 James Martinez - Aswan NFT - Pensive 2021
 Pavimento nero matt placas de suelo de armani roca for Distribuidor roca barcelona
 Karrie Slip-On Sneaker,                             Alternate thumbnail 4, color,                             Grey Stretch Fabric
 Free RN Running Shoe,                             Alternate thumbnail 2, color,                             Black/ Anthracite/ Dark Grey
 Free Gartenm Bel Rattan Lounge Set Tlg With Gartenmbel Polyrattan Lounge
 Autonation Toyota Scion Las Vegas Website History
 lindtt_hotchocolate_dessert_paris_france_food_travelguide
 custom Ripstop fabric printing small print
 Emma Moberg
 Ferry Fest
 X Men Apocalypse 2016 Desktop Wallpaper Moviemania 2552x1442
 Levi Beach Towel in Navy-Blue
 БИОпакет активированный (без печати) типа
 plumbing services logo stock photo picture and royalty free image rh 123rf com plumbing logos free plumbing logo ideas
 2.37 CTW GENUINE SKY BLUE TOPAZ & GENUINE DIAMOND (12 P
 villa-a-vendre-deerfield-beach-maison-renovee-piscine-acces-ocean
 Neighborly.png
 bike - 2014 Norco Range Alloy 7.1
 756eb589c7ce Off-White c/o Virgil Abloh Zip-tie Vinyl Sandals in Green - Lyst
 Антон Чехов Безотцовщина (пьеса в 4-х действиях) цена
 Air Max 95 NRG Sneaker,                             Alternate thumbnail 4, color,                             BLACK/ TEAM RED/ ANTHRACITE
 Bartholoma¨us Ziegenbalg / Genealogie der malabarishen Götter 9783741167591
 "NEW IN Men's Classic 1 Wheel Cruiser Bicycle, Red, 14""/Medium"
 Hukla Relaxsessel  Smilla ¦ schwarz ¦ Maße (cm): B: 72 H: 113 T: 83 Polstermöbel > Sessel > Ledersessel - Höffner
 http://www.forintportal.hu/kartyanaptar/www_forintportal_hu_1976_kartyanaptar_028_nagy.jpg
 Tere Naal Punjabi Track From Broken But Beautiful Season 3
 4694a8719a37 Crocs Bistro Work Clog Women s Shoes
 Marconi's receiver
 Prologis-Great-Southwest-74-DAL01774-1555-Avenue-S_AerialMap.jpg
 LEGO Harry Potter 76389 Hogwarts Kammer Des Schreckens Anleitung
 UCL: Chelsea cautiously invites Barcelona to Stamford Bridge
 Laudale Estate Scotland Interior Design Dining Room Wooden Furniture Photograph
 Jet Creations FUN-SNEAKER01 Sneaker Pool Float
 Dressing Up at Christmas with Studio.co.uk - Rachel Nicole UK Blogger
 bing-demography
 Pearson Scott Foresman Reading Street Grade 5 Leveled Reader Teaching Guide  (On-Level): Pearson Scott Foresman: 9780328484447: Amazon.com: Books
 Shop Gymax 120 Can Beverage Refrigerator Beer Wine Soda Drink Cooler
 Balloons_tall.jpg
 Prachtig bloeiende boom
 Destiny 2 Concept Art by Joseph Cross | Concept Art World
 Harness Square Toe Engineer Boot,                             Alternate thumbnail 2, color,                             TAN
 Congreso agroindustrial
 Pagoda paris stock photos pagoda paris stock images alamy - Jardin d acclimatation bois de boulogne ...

------------

Brief
Using the listing above, locate the lines that hold "Alternate" and copy each one.

Exercise result
 Karrie Slip-On Sneaker,                             Alternate thumbnail 4, color,                             Grey Stretch Fabric
 Free RN Running Shoe,                             Alternate thumbnail 2, color,                             Black/ Anthracite/ Dark Grey
 Air Max 95 NRG Sneaker,                             Alternate thumbnail 4, color,                             BLACK/ TEAM RED/ ANTHRACITE
 Harness Square Toe Engineer Boot,                             Alternate thumbnail 2, color,                             TAN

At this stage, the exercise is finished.